Identifying score thresholds or ranges that indicate clinical importance has assisted in interpreting patient-reported outcome (PRO) scores [1,2,3]. The increasing use of PROs to guide clinical care and evaluate emerging treatments, including for regulatory decision-making, has increased the need for clearly interpretable PRO scores to indicate when a clinical action is required and to define treatment benefits and risks [4, 5]. This activity has renewed interest in which methods are most appropriate to identify PRO change score thresholds, though this has been an active area of research for decades. The recent focus has been on estimating meaningful change for patients to apply at the individual patient level [6, 7]. Methodological development in this area has been directed at identifying cut-points or ranges representing a meaningful improvement or worsening on the concept of interest. In turn, these cut points or ranges can be used to classify individual patients as treatment responders or failures [8]. The United States Food and Drug Administration (FDA) recommends this approach and has published guidance emphasizing estimating meaningful within-person change (MWPC) thresholds. These methods rely on anchor analyses, where an external variable (the anchor) with clinically meaningful and distinct groups is used to identify change thresholds on the PRO score [9]. Anchor-based methods are preferred over distribution-based methods because they include information directly relevant to patients or that is clinically meaningful. The FDA’s Patient-Focused Drug Development Draft Guidance: Incorporating Clinical Outcome Assessments Into Endpoints for Regulatory Decision-Making, notes that: “Distribution-based methods (e.g., effect sizes, certain proportions of the standard deviation and/or standard error of measurement) do not directly consider the patient voice, and as such, are insufficient to serve as the sole basis for identifying an [meaningful score difference]. Distribution-based methods can provide helpful information about measurement variability” [4]. Similarly, there has been an emphasis on identifying PRO change thresholds that can indicate to a clinician when an individual patient has improved or declined at a level that the patient finds meaningful and suggests a need to change treatment strategies [10].

Changes in individual PRO scores tend to be unreliable. This makes individual-level change scores more susceptible to occurring by chance alone, even when the patient has not changed [11, 12]. Measurement error is assumed to be distributed on both sides of true change such that it can generate false positives and false negatives. However, commonly used anchor methods may underestimate the threshold needed to indicate meaningful change [13]. This leads to the additional risk that individuals will be classified as changed when they have not by setting the threshold too low. For this reason, it may be useful to set a lower bound to anchor-based estimates of the MWPC, which would be considered only if they are larger than the measurement error in the PRO score [14, 15]. Requiring that the minimum or lower bound of the MWPC range exceed a change score that could be observed due to measurement error alone is a safeguard against misclassifying individual patients as changed when they have not.

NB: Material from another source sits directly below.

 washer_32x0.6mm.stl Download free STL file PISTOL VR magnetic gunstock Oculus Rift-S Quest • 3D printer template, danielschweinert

One statistic used for the MWPC lower bound is the standard error of measurement (SEM, which can be thought of as, “the amount or spread in the measurement errors for a test.” [16] (p. 33) One aspect of the SEM’s appeal was that it appeared to capture the amount of error in a PRO score over which an observed PRO change should surpass to be counted as real change. There was some evidence that it aligned with anchor-based estimates of important change [17,18,19]. The SEM was seen, for example, as an alternative to criteria like the ½ standard deviation, which had been suggested as a reasonable lower bound or starting place for meaningful difference or change estimates [20]. In subsequent research, the SEM was cited as a lower bound to anchor-based meaningful change estimates [21, 22]. Moreover, using statistical indexes of individual patient change has been standard practices for decades in clinical psychology, and continues to be so today [23].

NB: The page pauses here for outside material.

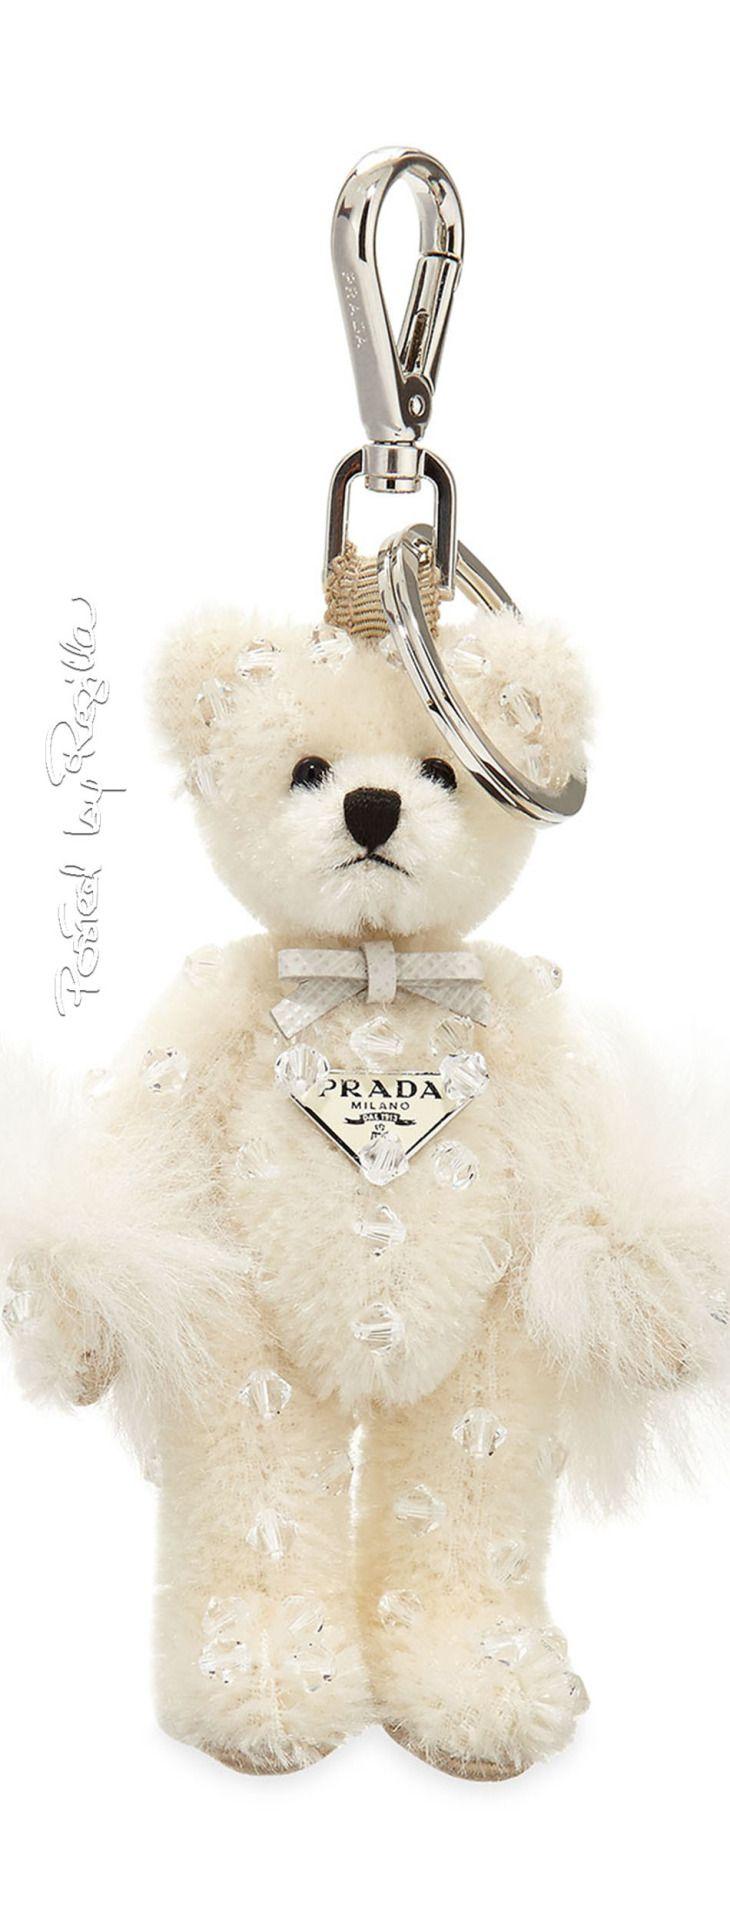 Regilla ⚜ Una Fiorentina in California   Prada, fuzzy teddy bear handbag chram

Though the SEM is an improvement over some distribution estimates previously used (e.g. a fraction of a standard deviation), two issues remain with using the SEM as a lower bound of MWPC. First, conceptually, the SEM does not provide specific enough information to serve as a lower bound for MWPCs, which should be based on the level of observed score change that is unlikely to be due to chance alone. Second, as demonstrated by Christensen and Mendoza, the SEM is not appropriate for direct application to observed scores, and requires a multiplier when examining observed change instead of true change [24]. We argue that the SEM is not the best lower bound for MWPCs. Instead, the statistically significant individual change as calculated by the reliable change index (RCI) using thoughtful statistical thresholds should be used as the lower bound. Our argument is based on two points. We conclude with recommendations for using the RCI and anchor estimates of the MWPC. By identifying the appropriateness of the RCI as a lower bound to MWPC thresholds instead of the SEM, we help protect against a known pitfall in over-reliance on anchor estimates at a time when their use is increasing. Specifically, this work responds to previous studies that address the problem of when anchor estimates of meaningful change fall below the threshold of change that is detectable due to measurement error [15, 25].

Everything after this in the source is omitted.